Comment réagit-on dans un moment vraiment inattendu ?
Au début du printemps dernier, je suis parti avec un ami faire l'ascension du Cheval Blanc dans le massif des trois Évêchés. Un bout de calcaire de modeste réputation à quelques kilomètres de Digne, au nord du Verdon, dans les Alpes-de-Haute-Provence. La randonnée ne présente aucune difficulté particulière, sinon sa longueur, raison pour laquelle nous avions prévu d’en profiter pour passer la nuit dans une cabane où s'installent les bergers sitôt que les bêtes montent à l'alpage. Le genre de lieu sans eau courante ni 4G que j'affectionne particulièrement parce qu'en me coupant de tout, je me connecte à l'essentiel.
La journée s'annonçait magnifique. Nous avions quitté Marseille et pris la route peu avant l'aube pour commencer à marcher de bonne heure, profiter de la fraicheur du matin et arriver au lieu où nous devions passer la nuit avec cette large avance sur le soleil que j'aime avoir quand je suis en montagne. Arrivé de Paris la veille, A. avait dormi chez moi. Nous n'avions pas tellement bu et correctement dîné, puis nous avions préparé les vivres de courses pour deux jours, vérifié les sacs, et nous étions couchés.
Pour nous rendre au départ, il faut compter un peu plus de deux heures de route depuis chez moi. Rien ne pressait, je conduisais tranquillement, nous avions mangé un croissant et bu un café dans une station-service, et quoi qu'encore peu réveillé, le naturel enthousiaste de A. ne lui faisait pas défaut. Puis nous sommes sortis de l'autoroute, avons passé Digne, et nous sommes engagés dans les virages d'une de ces départementales dépeuplées qui mènent au bout du monde en faisant des détours sinueux.

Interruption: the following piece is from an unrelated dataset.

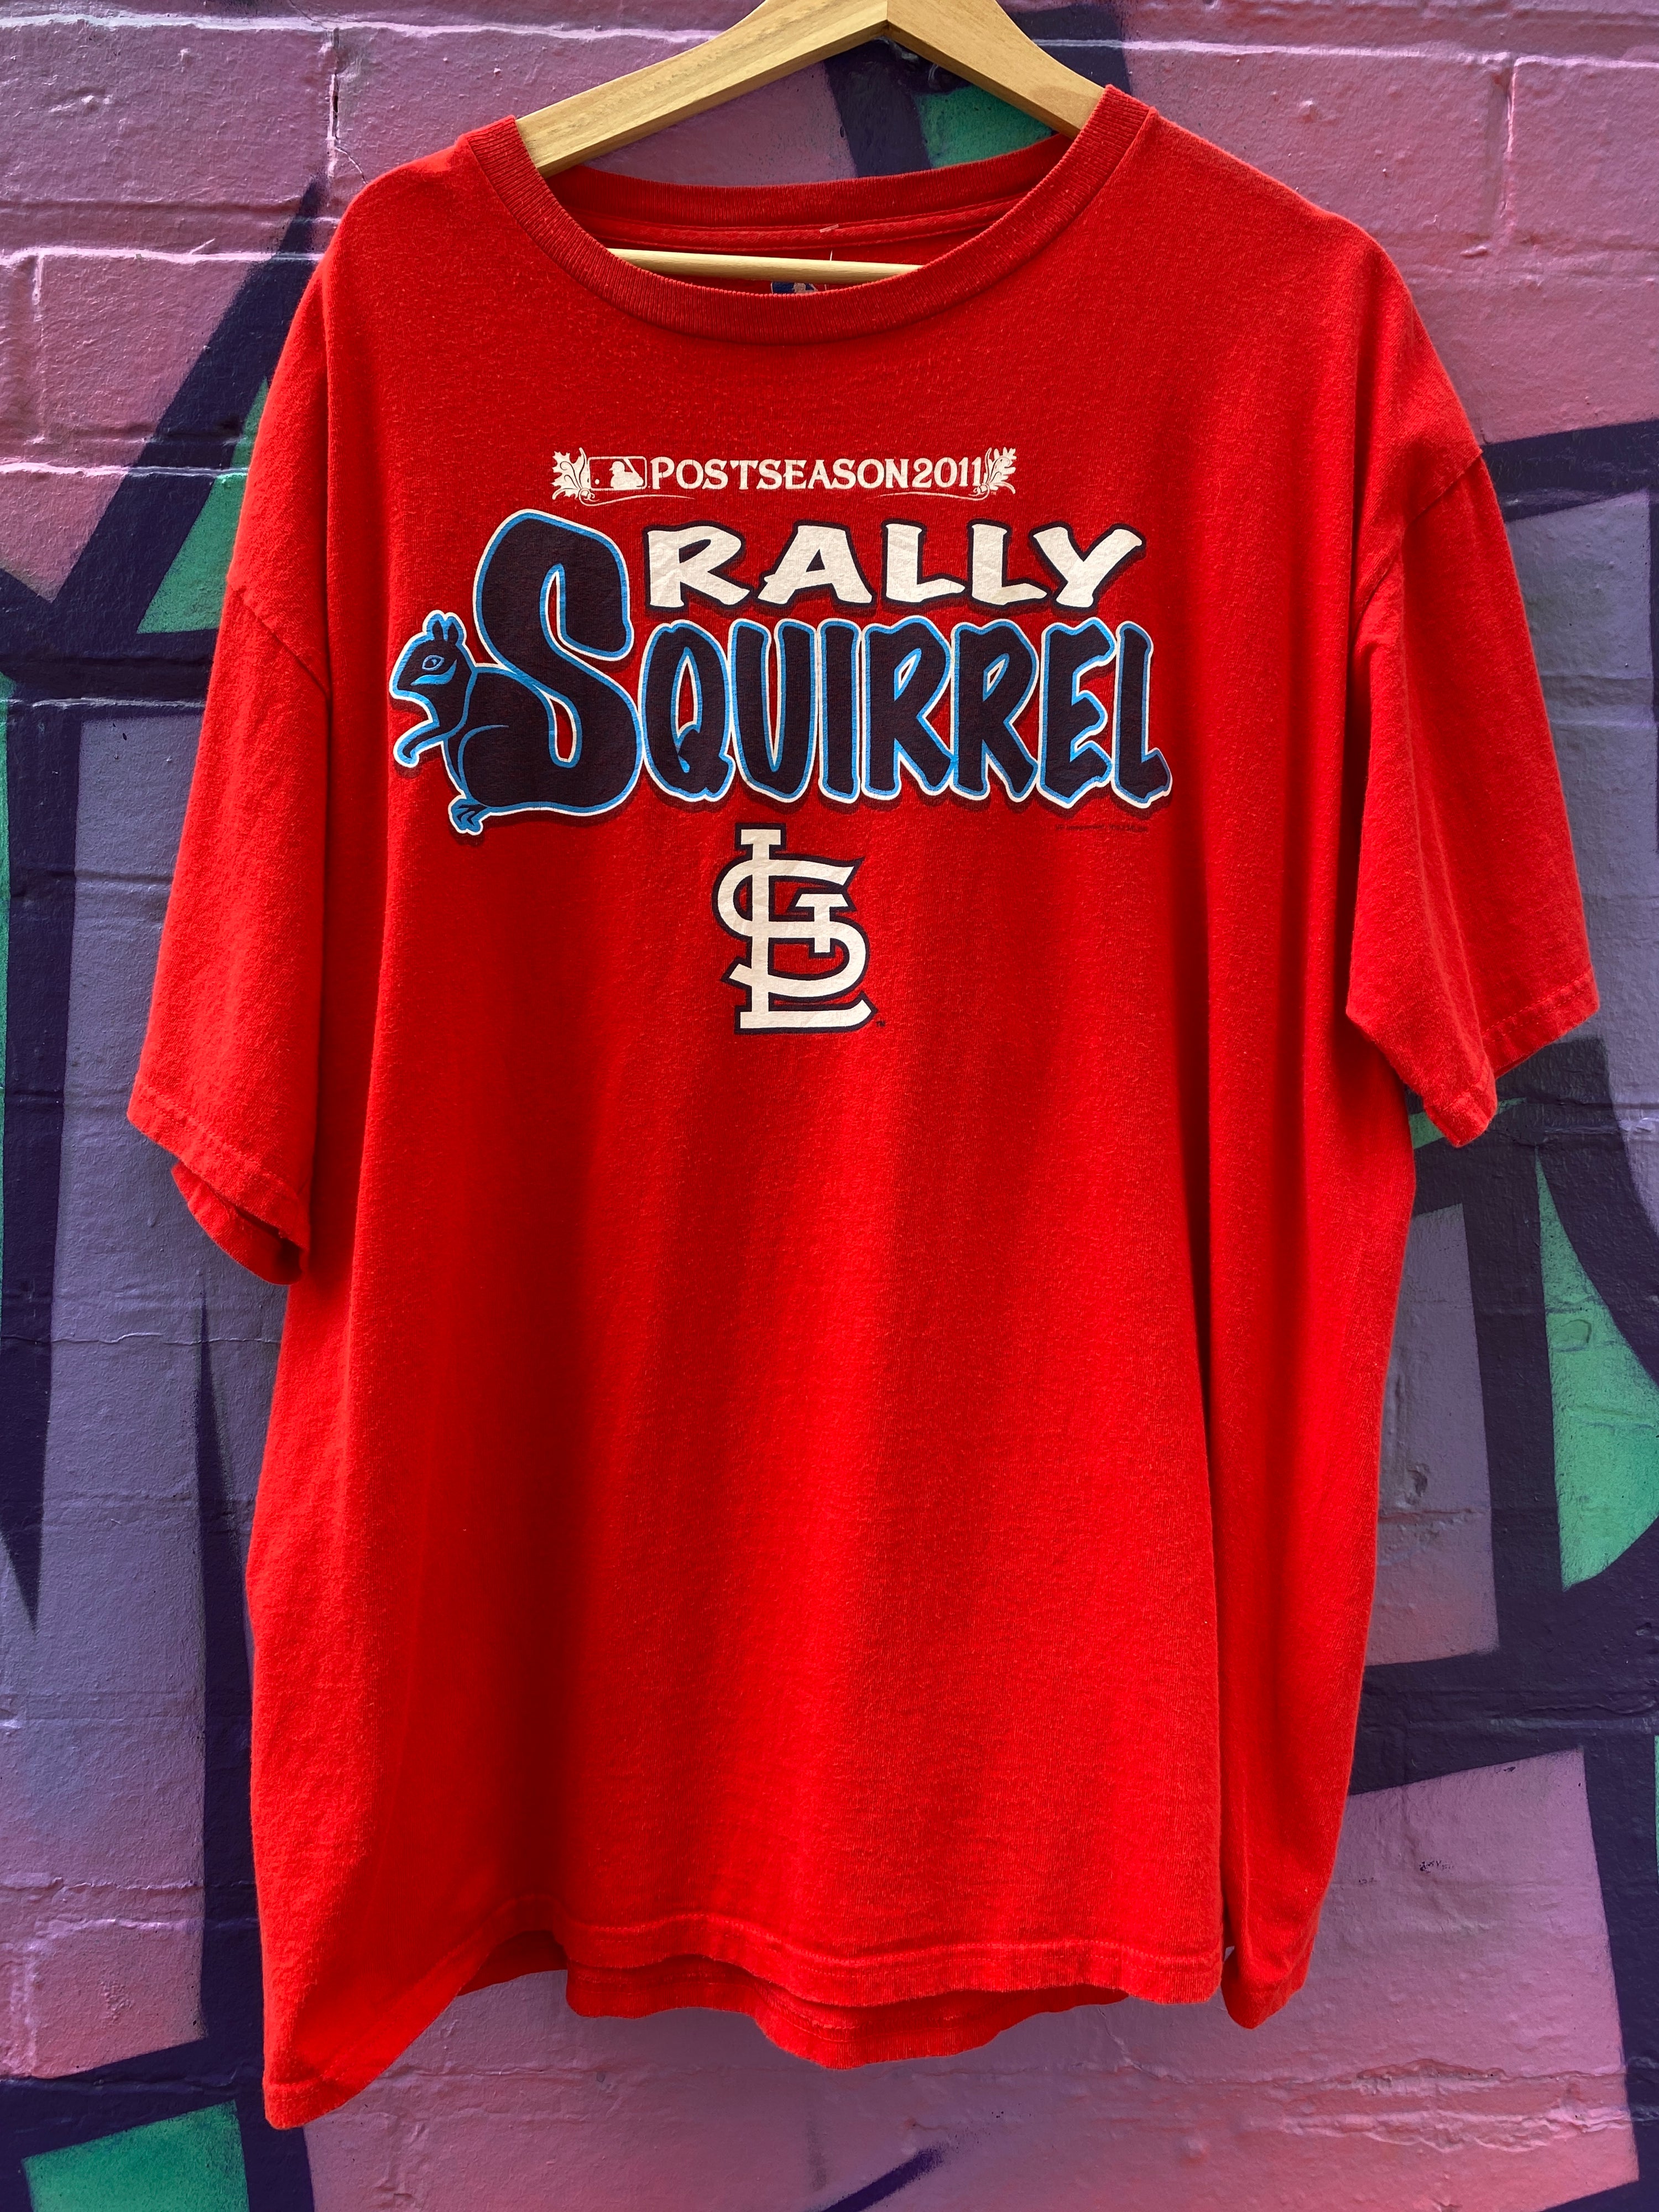 XL - LST 2011 Post Season Rally Squirrel Red Tee

Nous sommes arrivés vers 8h30 au parking de Château Garnier d'où partait notre itinéraire. Un puissant chien noir nous observa lasser nos chaussures, sortir les bâtons du coffre et enfiler nos sacs, et nous avons pris soin de mettre les téléphones en mode avion pour conserver de la batterie et prendre des photos sans être importunés par des notifications intempestives qui gâchent tout le plaisir du grand air. Enfin nous nous sommes mis en route.
A. et moi nous connaissons depuis bientôt dix ans mais n'avions jamais marché ensemble alors que nous en avions souvent parlé. Cela nous mettait en joie. Passé le clocher d'une petite chapelle, deux ou trois maisons de pierre vous saluent puis la route forestière commence et la montagne s'offre à vous. En même temps que je commençais à marcher, je sortis ma carte et ma boussole en tâchant d'identifier du regard le sommet que nous allions atteindre dans la journée, et levant le nez, je dis à A. :
- Tiens, je pense que c'est ce caillou-là qu'on vise.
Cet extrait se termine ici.